Une différence qui est directement liée est qu’au plus l’échelle de notation est ample, plus la définition de chaque note en lien avec des critères est délicate (Guskey & Brookhart, 2019). 

L’élément le plus crucial dans le cadre de la définition des attentes au travers de critères est de signifier au moins la valeur de la note suffisante symbolisant le seuil entre réussite et échec. 



Élaborer des critères n’est pas toujours évident

 
Dans de multiples situations d’évaluation, des enseignants peuvent évaluer sans critères explicitement définis (Nordrum et coll., 2013).

Cette évaluation implicite est due au fait que les enseignants rencontrent des difficultés à expliciter concrètement leurs attentes. Ce travail de formulation explicite est souvent perçu comme difficile (Wyatt-Smith & Adie, 2021) et chronophage. 

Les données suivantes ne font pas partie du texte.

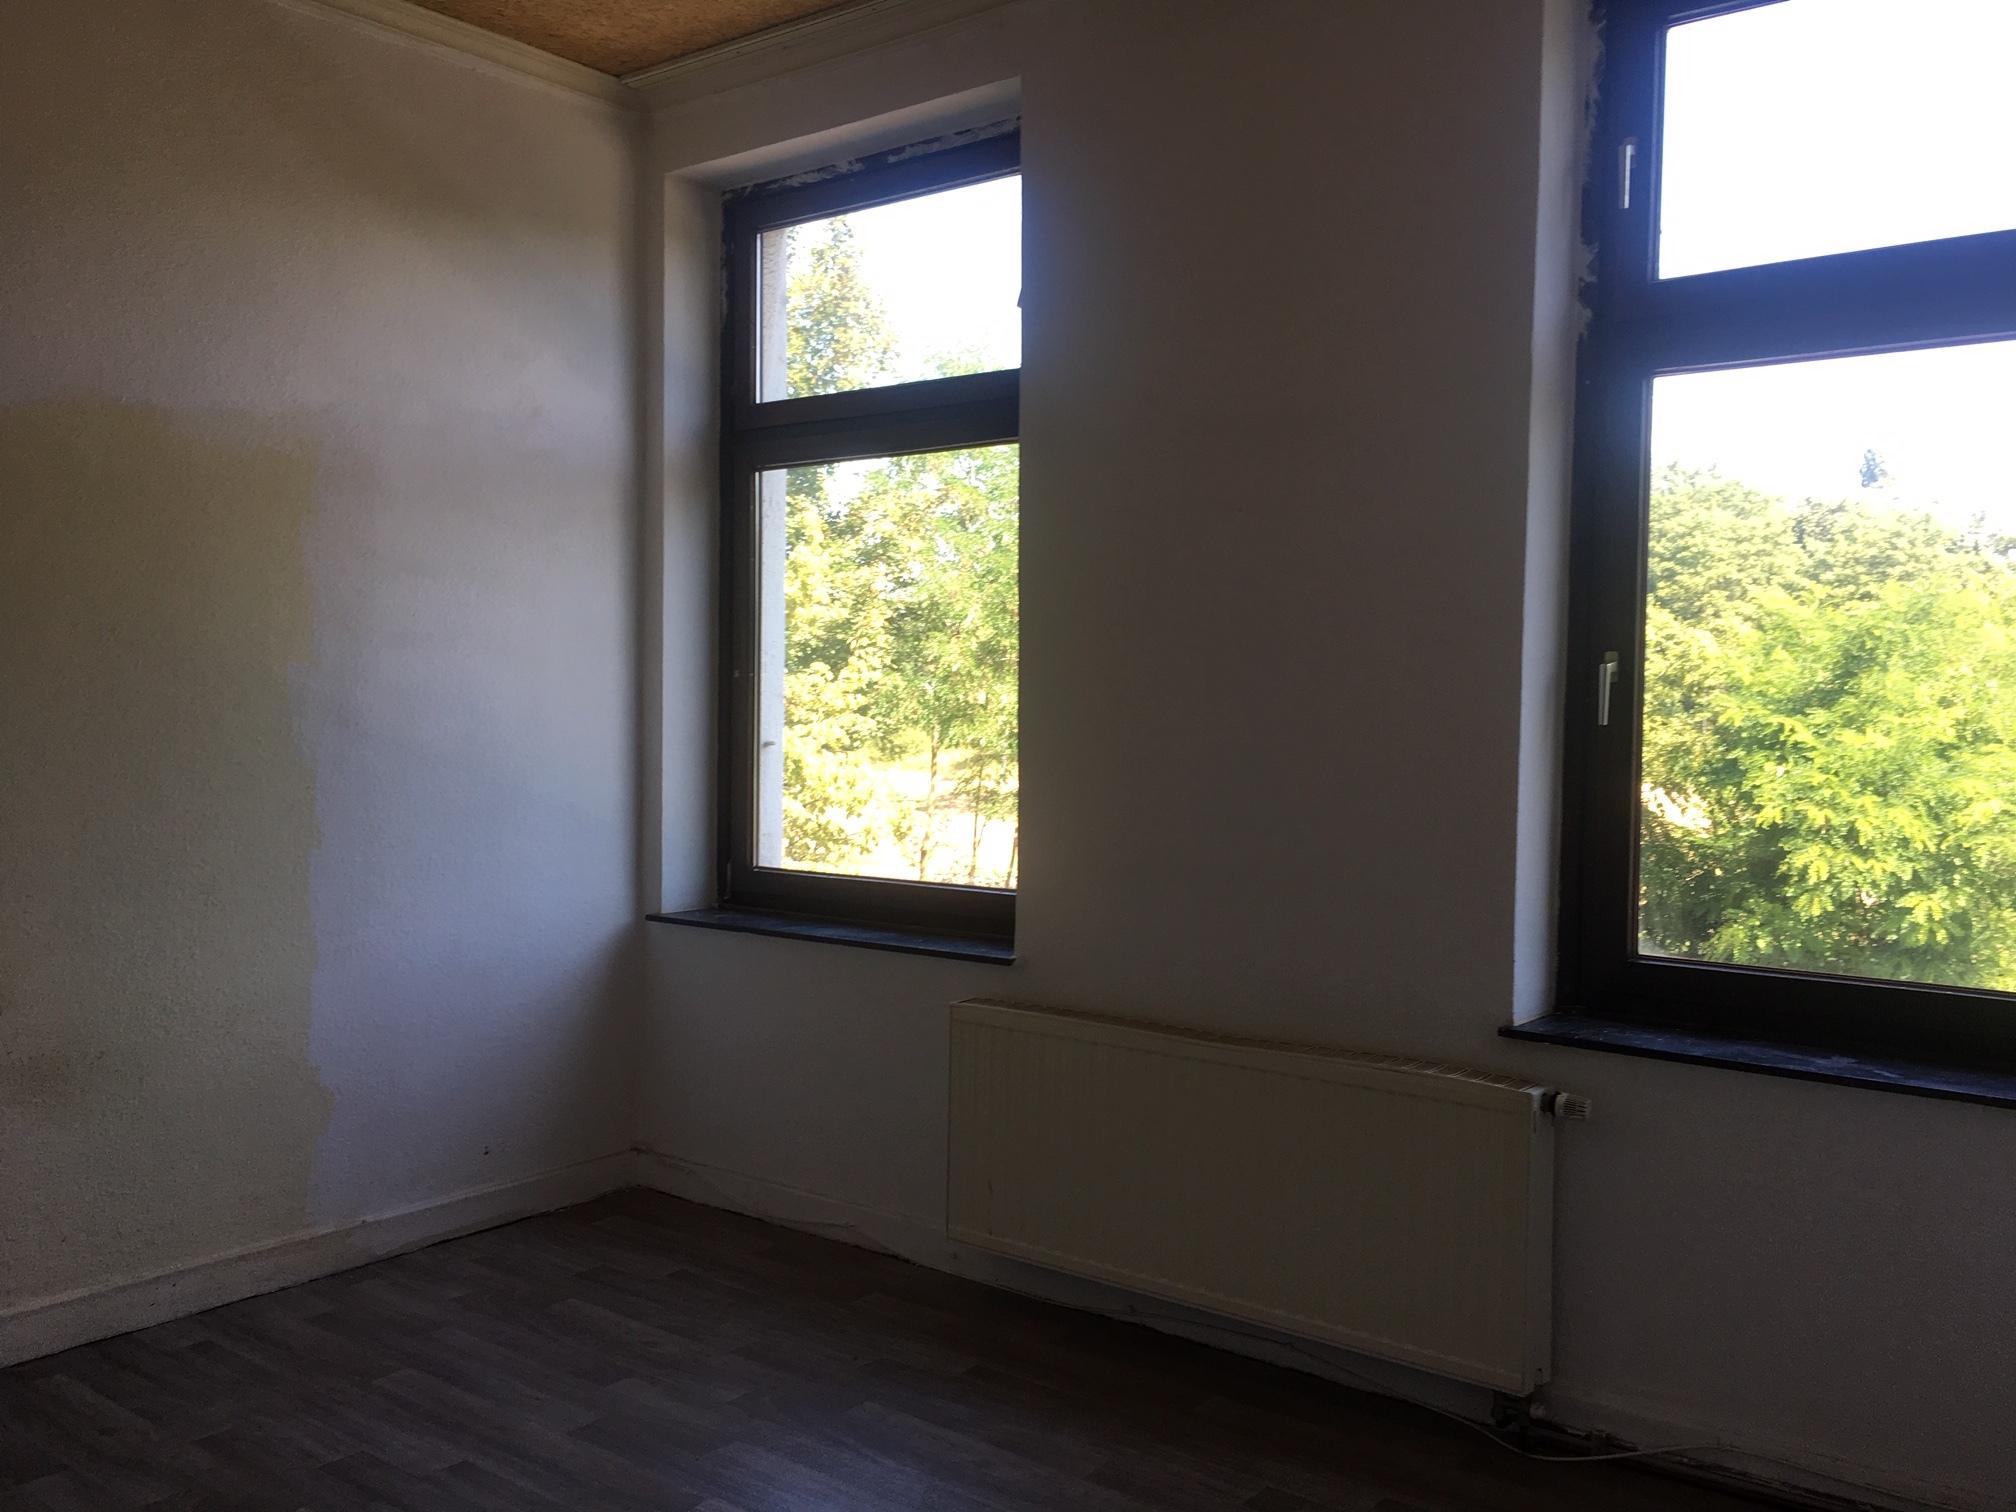 3 Bed Apartment At Werstener Dorfstrasse 7 40591 Dusseldorf

La démarche induite par la planification à rebours est précieuse, même elle est ardue, de longue haleine et perçue comme complexe. Elle oblige à penser aux apprentissages finaux et intermédiaires, puis aux tâches en rapport. Elle est à contre-courant du fait d’avancer progressivement et intuitivement en direction d’objectif d’apprentissages qui se construisent au fur et à mesure. 



La prise en compte de la spécificité de la discipline est fondamentale. 


Le contenu disciplinaire joue lui-même un rôle majeur dans la manière et dans la facilité de construire des notes à haute valeur informative basées sur des critères. La didactique de la discipline a un rôle majeur à jouer dans l’établissement de barèmes et d’échelles de notation.